Copy, please, the line with "Baby Shower Signs" and each line that follows it through the end of the data below, exactly as given and without pictures.

▸ RECORDED DATA
-*-

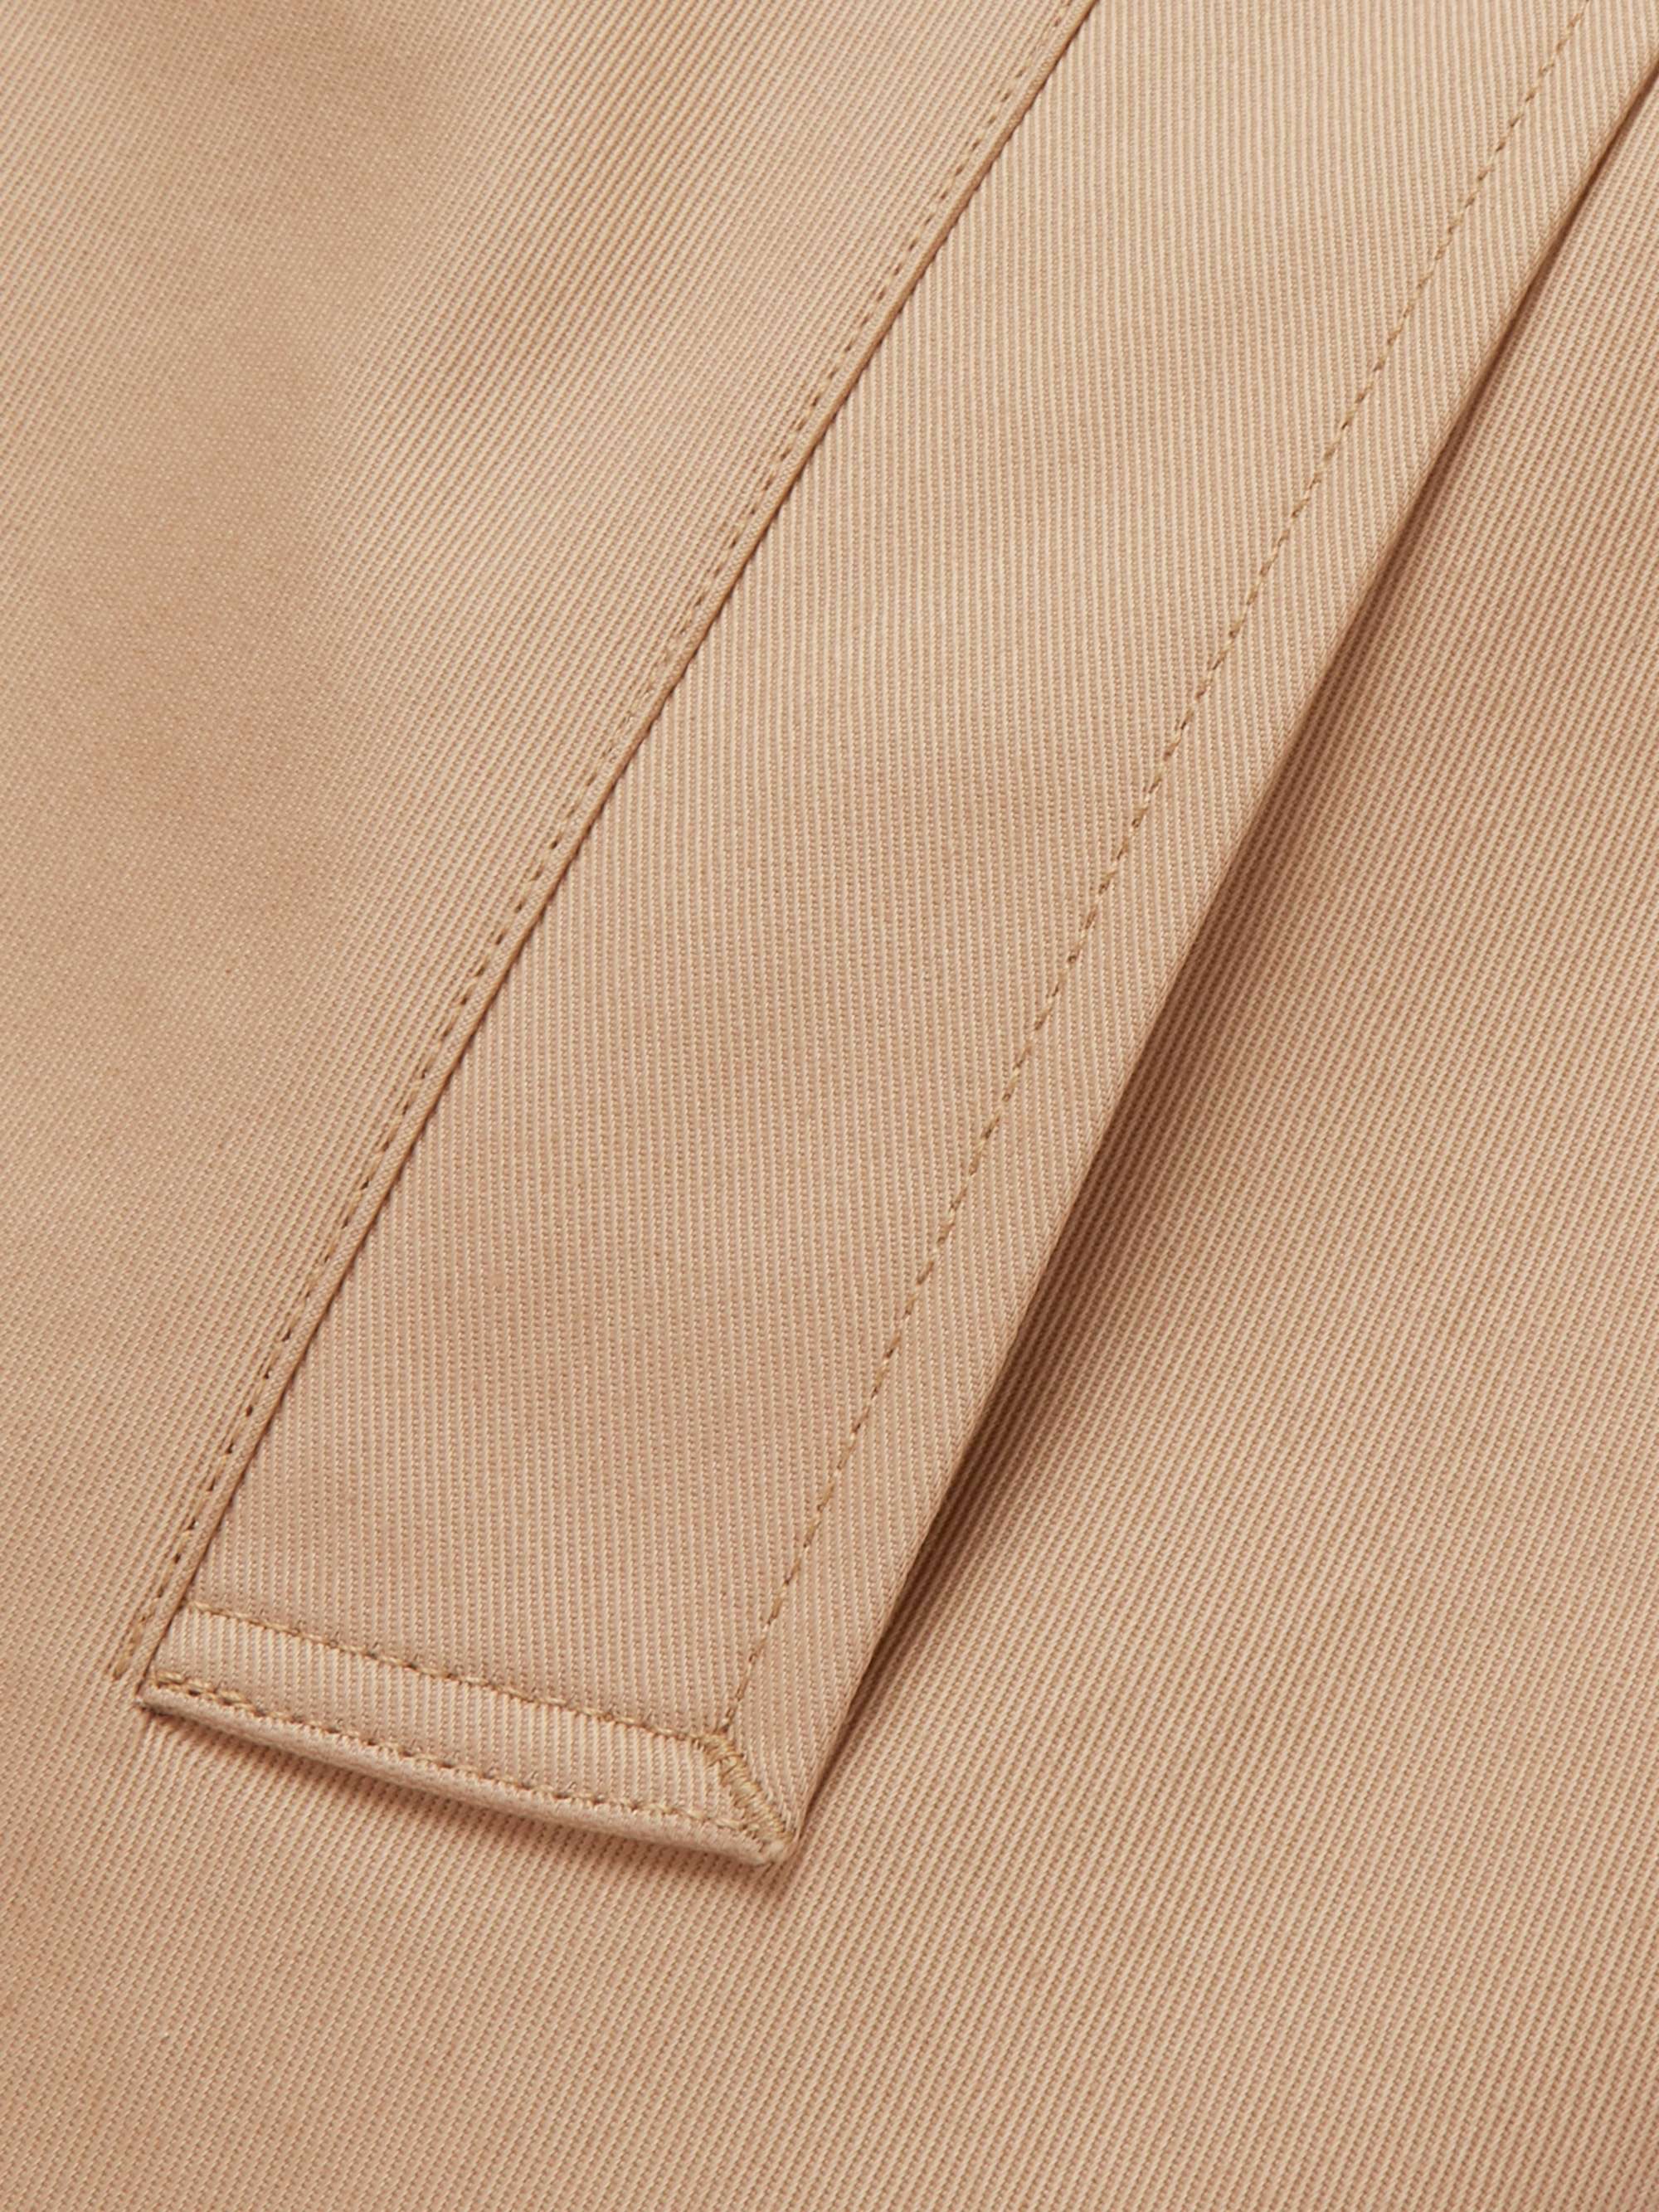 A.P.C. Cotton-Gabardine Trench Coat
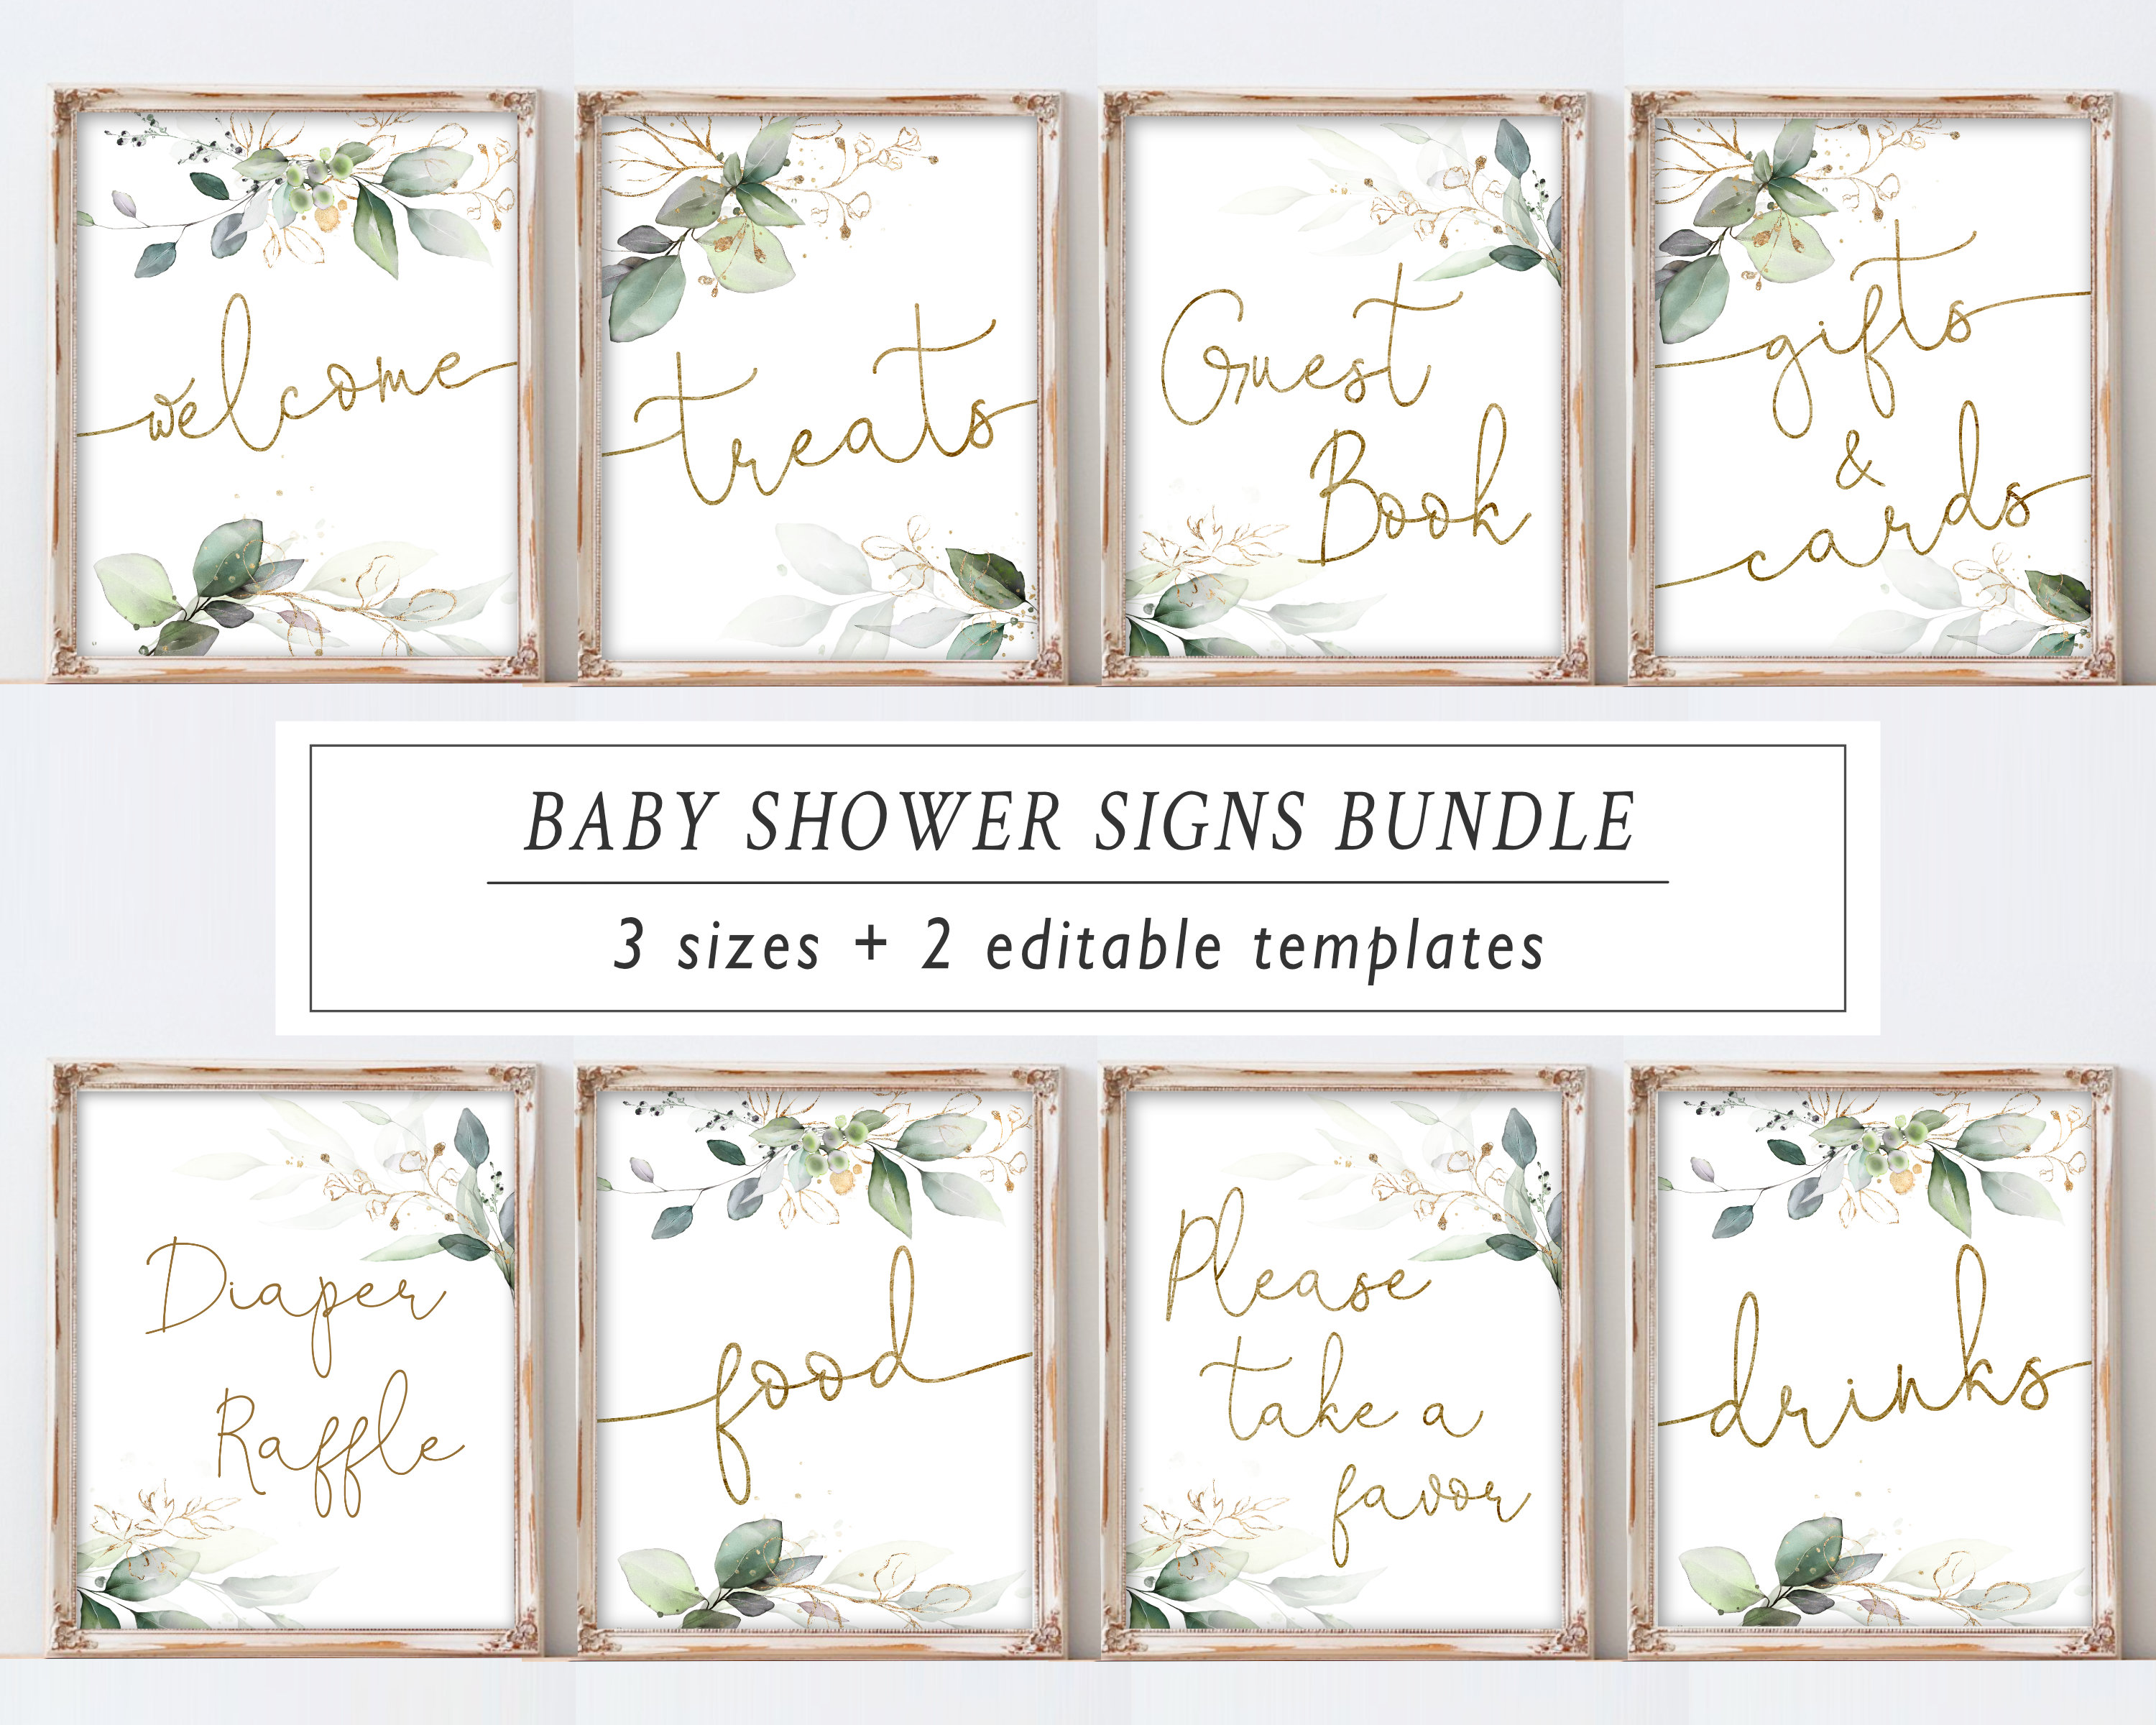 Baby Shower Signs Bundle, Signage Set Printable Decor, Signage Kit,  Editable Template, Greenery Eucalyptus Foliage, Leaves Green Gold, EG12 
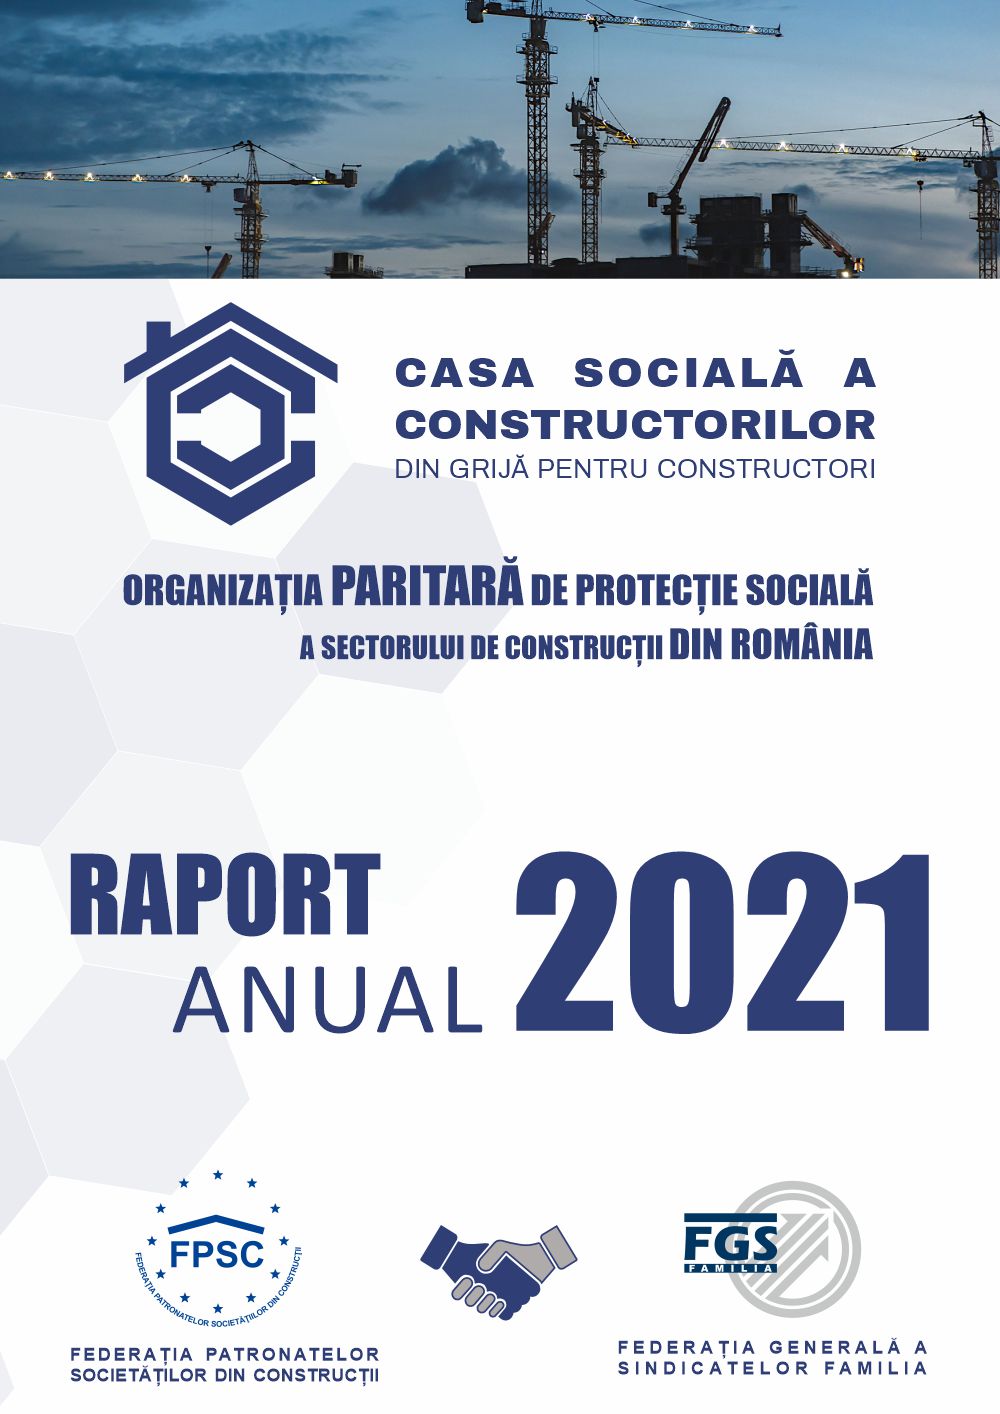 Report 2021

-*-

▸ WRITTEN ANSWER
 Baby Shower Signs Bundle, Signage Set Printable Decor, Signage Kit,  Editable Template, Greenery Eucalyptus Foliage, Leaves Green Gold, EG12 
 Report 2021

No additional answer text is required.